Ho detto che queste polemiche sono spesso pretestuose perché la realtà vera, al di là delle letture di comodo, è che la pubblicazione di notizie veramente coperte dal segreto costituisce l’eccezione, una percentuale assolutamente ridotta e per esse vale quello che diceva Sciascia e cioè che queste notizie non fuggono, ma vengono consegnate e se possibile anche accuratamente confezionate. Invece ogni giorno i quotidiani – ma in realtà tutti i mezzi di informazione – pubblicano notizie che non sono coperte dal segreto, perché sono già a disposizione dei difensori (articolo 329 cp) o che segrete non sono per loro natura. Per esempio, divulgare la notizia che è in corso una perquisizione non è violazione del segreto, non può esserlo, come non lo è un invito a comparire o un'ordinanza cautelare già notificati. Alla luce di queste considerazioni vale la pena di ribadire che mentre sono continue e accese le proteste per le fughe di notizie, in realtà nella maggior parte dei casi fughe di notizie in senso tecnico non ce ne sono.
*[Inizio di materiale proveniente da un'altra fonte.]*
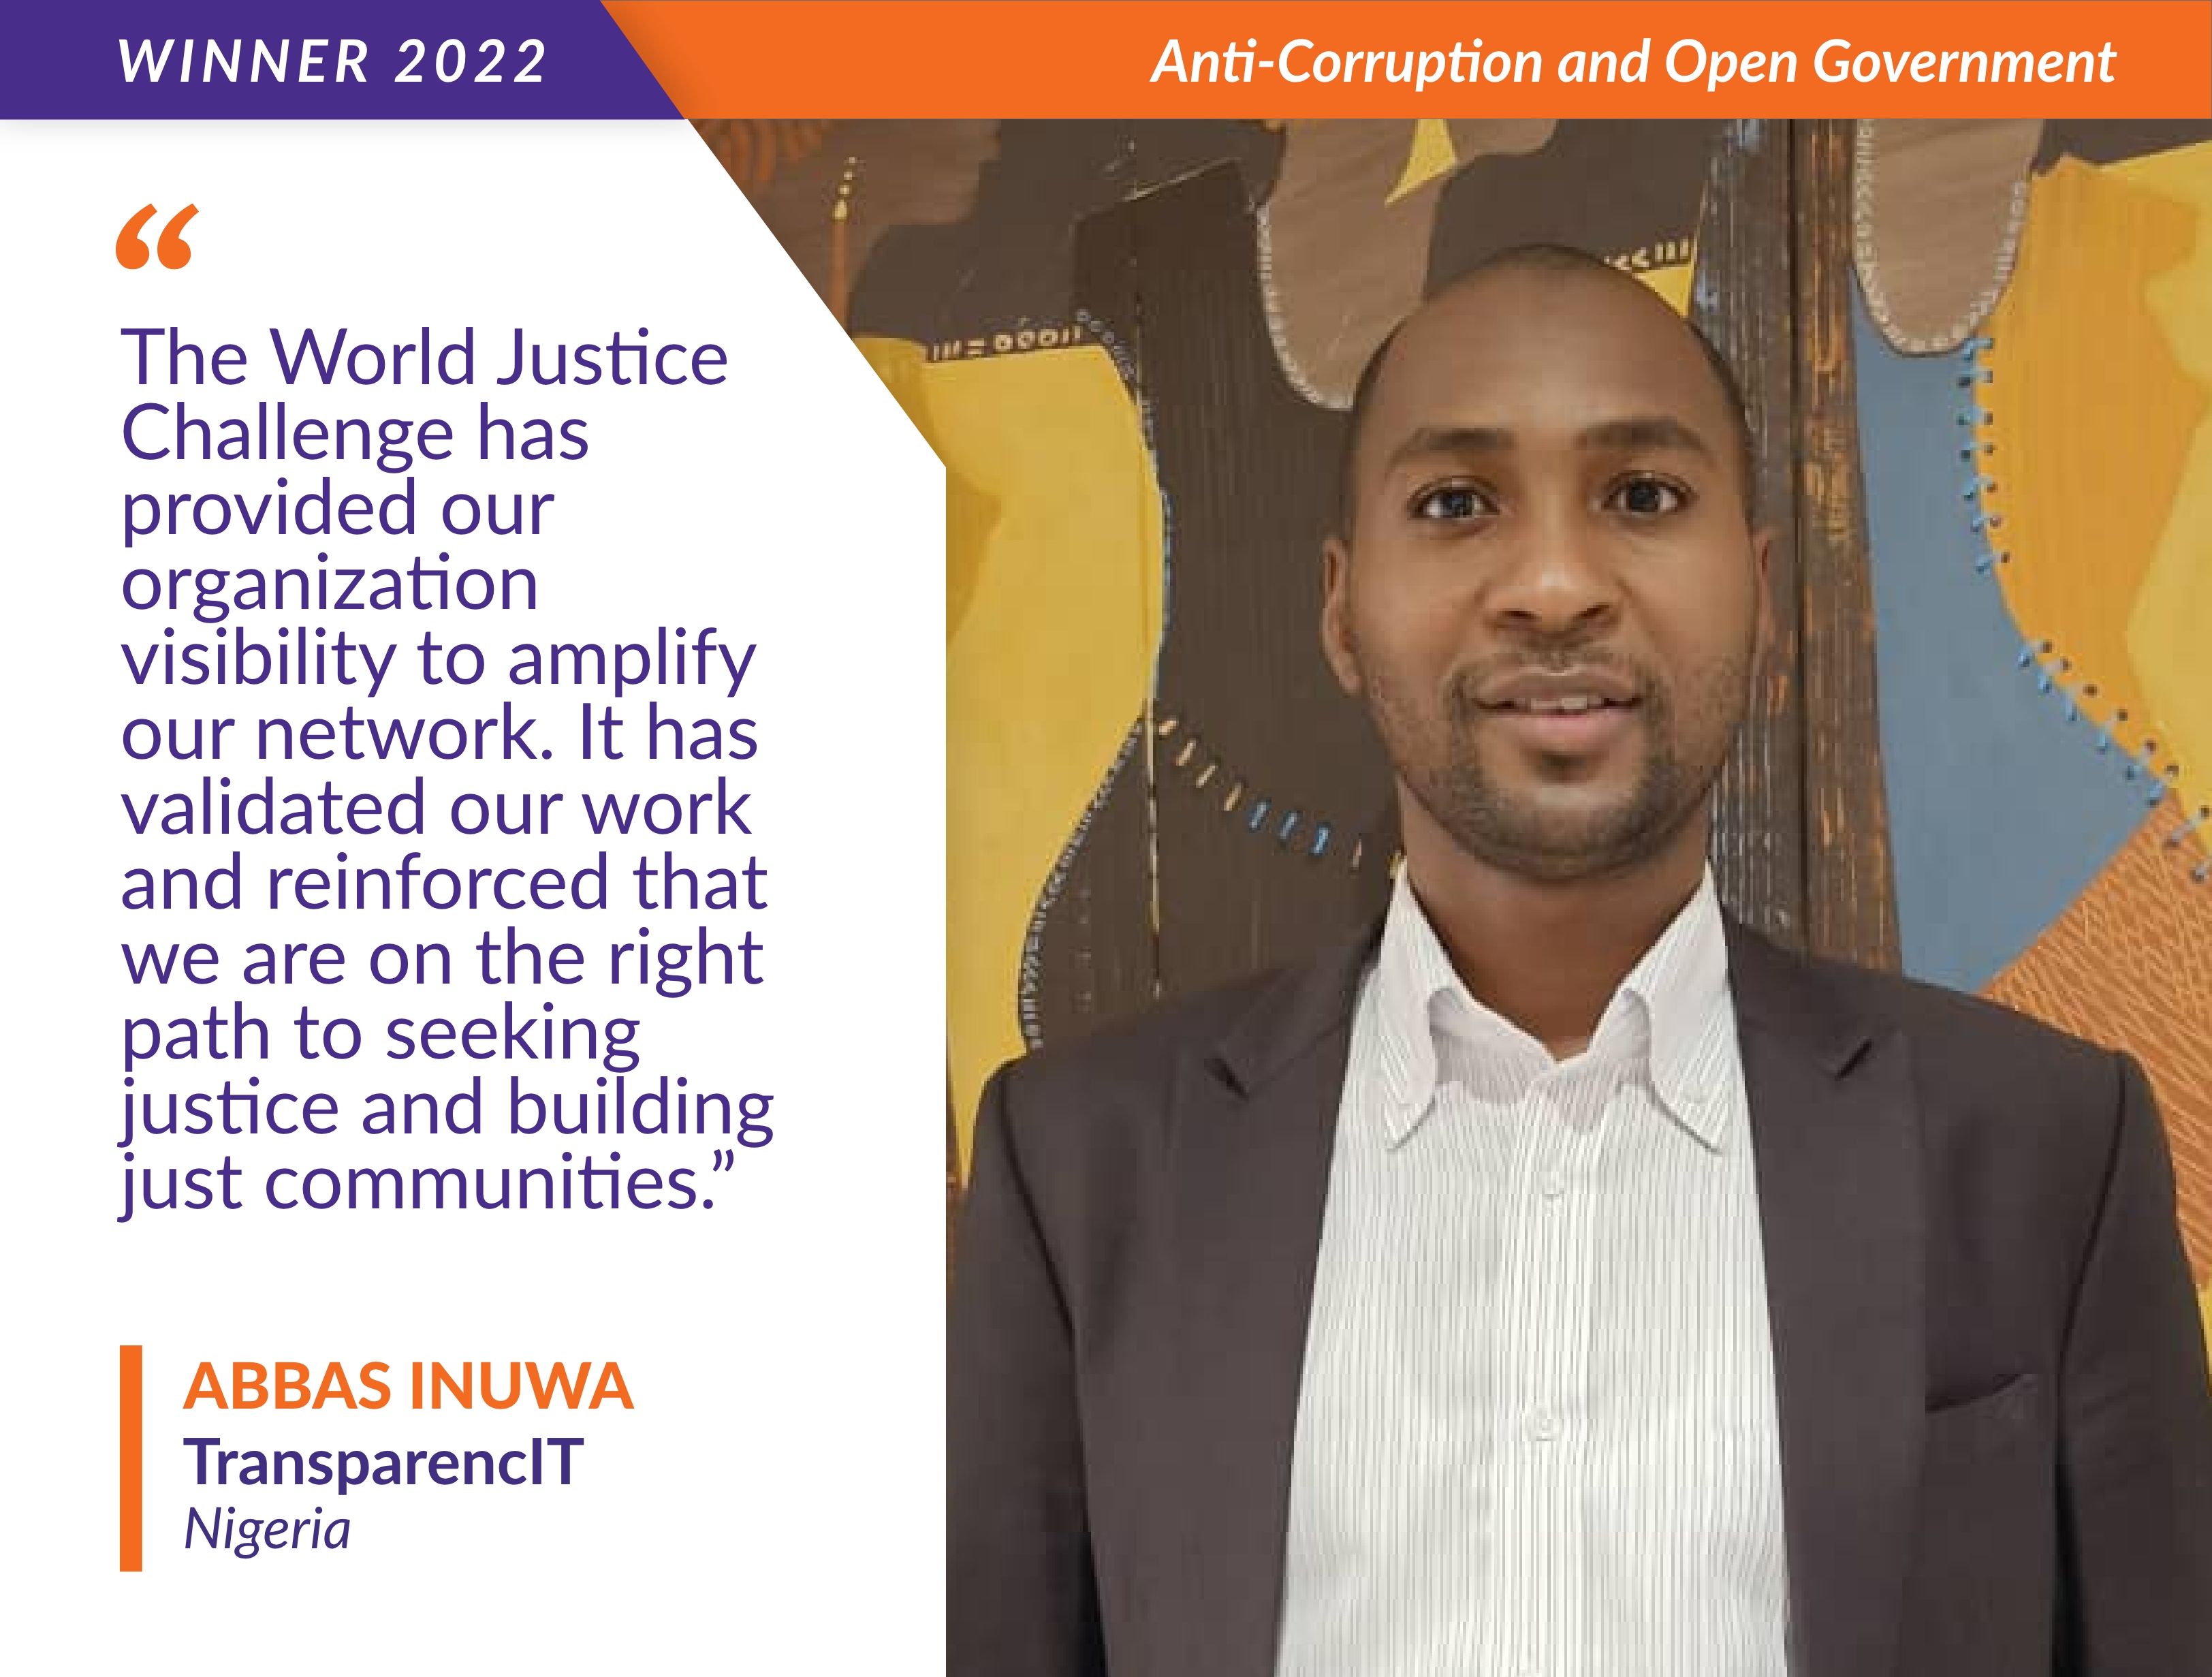 Abbas Inure from TransparenceIT shares a testimonial about the World Justice Challenge

4) Altro discorso è il divieto di pubblicazione degli atti non sottoposti al vincolo del segreto. Il legislatore consente sempre la pubblicazione del contenuto di atti non (più) segreti, mentre punisce a titolo di contravvenzione la pubblicazione del testo degli stessi prima di una determinata fase processuale secondo un meccanismo assai complesso che non importa qui specificare (articolo 684 cp in relazione all’articolo 114 cpp). Secondo i lavori preparatori, la norma incriminatrice aveva la finalità di assicurare quella che nel 1989 veniva definita la “verginità del giudice”, cioè che il giudice non sapesse assolutamente nulla della questione che gli veniva sottoposta. Questa è la ratio scritta, ma è evidente che siamo completamente fuori dalla realtà, tanto più nell’era del web, caratterizzata dalla informazione globale e dalla accessibilità immediata e gratuita a qualsiasi atto su qualsiasi supporto (audio, video ecc.). Personalmente ritengo, come ho avuto modo di ribadire in altre occasioni, che l’articolo 684 del codice penale sia la spia dell’ipocrisia e della cattiva coscienza del legislatore, che mantiene l’equivoco fra tutela del segreto e divieto di pubblicazione. La violazione della norma è punita con una ammenda da 51 a 258 euro, quindi è oblabile e va da sé che qualunque organo di informazione è ben disposto a pagare poche decine di euro per uno scoop, mentre lo Stato spenderebbe molto di più anche solo per iniziare il procedimento. Viene quindi da chiedersi perché permanga questo sistema “sanzionatorio” e intanto si continui a protestare a gran voce contro violazioni del segreto per lo più inesistenti.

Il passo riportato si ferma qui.